In order to meet the constant cost reduction of manufacturers and meet the requirements of different regulatory requirements around the world, the tools in the field of engine R&D are constantly being updated and increasingly enriched. From demonstration prototypes to advanced analytics, a variety of suppliers are sparing no effort to advance the field.
The picture shows a detailed schematic diagram of the oil mist spray flame of a compression ignition engine under the simulation of high performance calculation tool and TFM tool. We can see the obvious high temperature zone and low temperature zone.
Michael Franke, director of light diesel and commercial engines at FEV, said: "For commercial vehicle engine designers, it is currently in a very exciting period." Under the US Tier4 Final emission regulations, developers must be shorter. Within the design cycle, the relevant regulations are met. Franke said that because of the opportunity to optimize products in the industry according to Tier4 Final standards, the focus has now shifted to long-term goals such as meeting end-user needs and responding to fierce competition.
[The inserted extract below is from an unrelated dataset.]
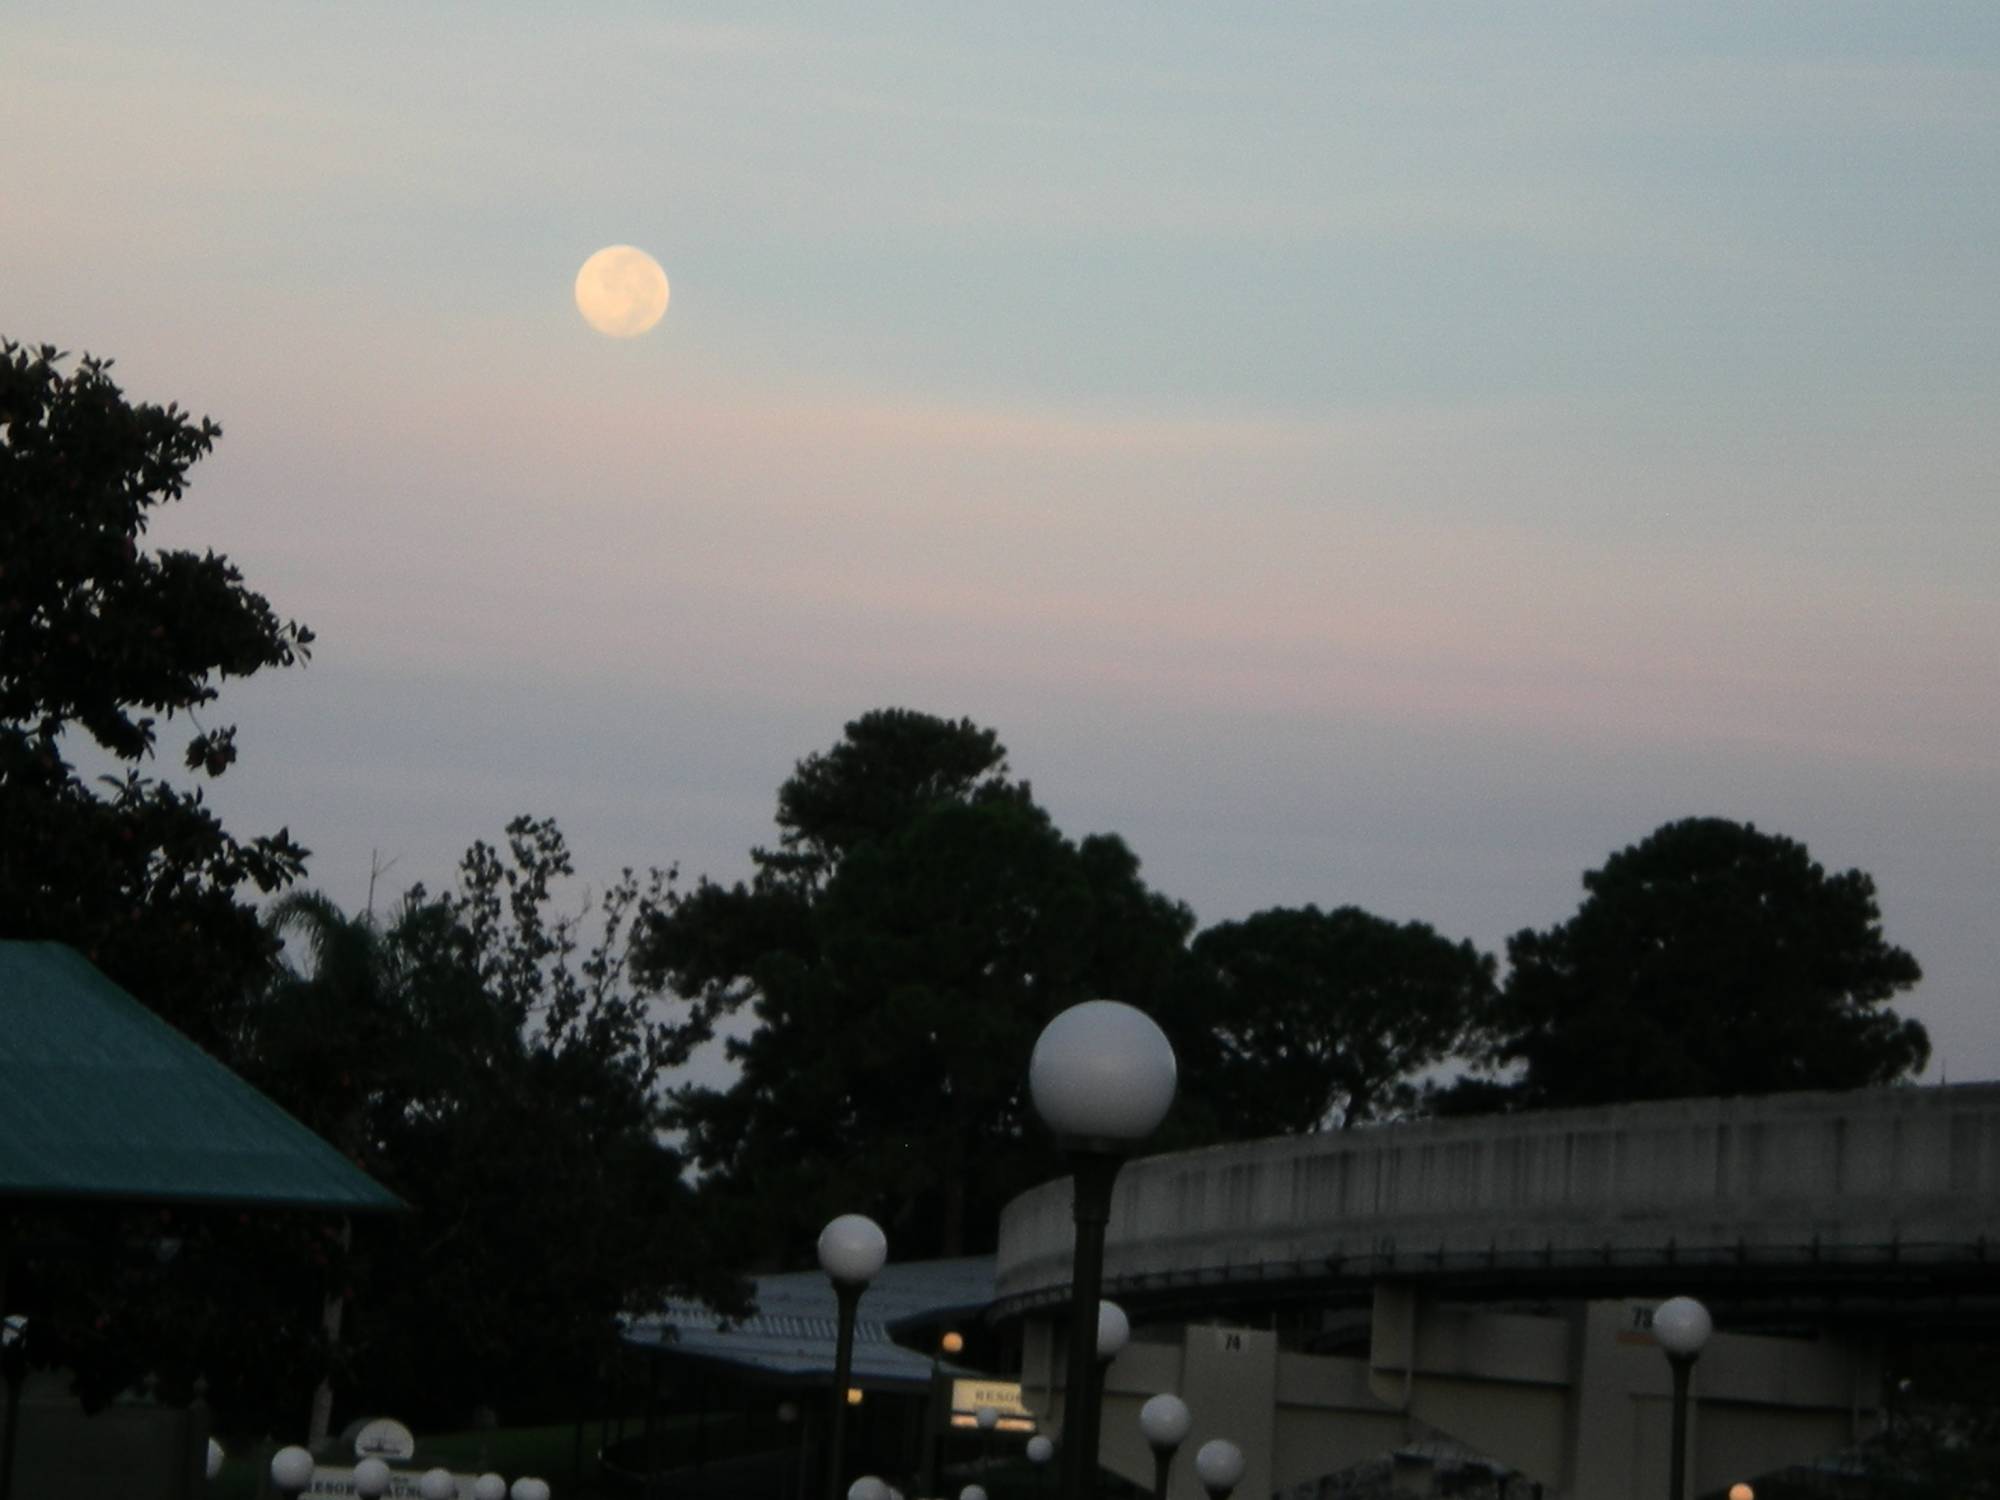 Moon over monorail

Of course, this exciting state of the art is also worthy of vigilance, especially in the small engine sector. “The engine sector has always been very cost sensitive. Today, we have found that many foreign manufacturers have entered or are trying to break into the US market with some low-cost products.†Franke explained, “China and India have begun to be in the field of road vehicles. The implementation of the National VI and Bharat-VI standards is progressing quite rapidly.†These newcomers can fully meet the EPA's Tier4 Final off-highway equipment emission standards through the application of technology, so there is no compliance in the US and European off-highway vehicle engines. Difficulties in terms.
The latest Stage V standard will also present new challenges, especially for high-power engines above 37 kW. The Euro 5 standard specifies the amount of particulate matter in the vehicle exhaust, which is not available in the US standard. Franke predicts that engine manufacturers may have to rely on particulate filters to meet the requirements.
Generally speaking, the internal space of off-highway vehicles is very limited, so adding a particulate filter is not an easy task and may require the use of an SCR (Selective Catalytic Reduction) coating filter. Franke also mentioned that under the Euro 5 standard, it is equally challenging to achieve the latest HC + NOx emission requirements for engines up to 37 kW, which may require the use of EGR (exhaust gas recirculation) and DOC (diesel oxidation catalyst) filters.
Mixing multiple technologies can help manufacturers address compliance challenges, “but how much technology can help, depending on which technology is applied.†Franke said, “The future automotive industry’s demand for modular engine architecture will grow. It is convenient for manufacturers to flexibly install some electrified components to take advantage of the hybrid technology while keeping the core components of the engine as constant as possible."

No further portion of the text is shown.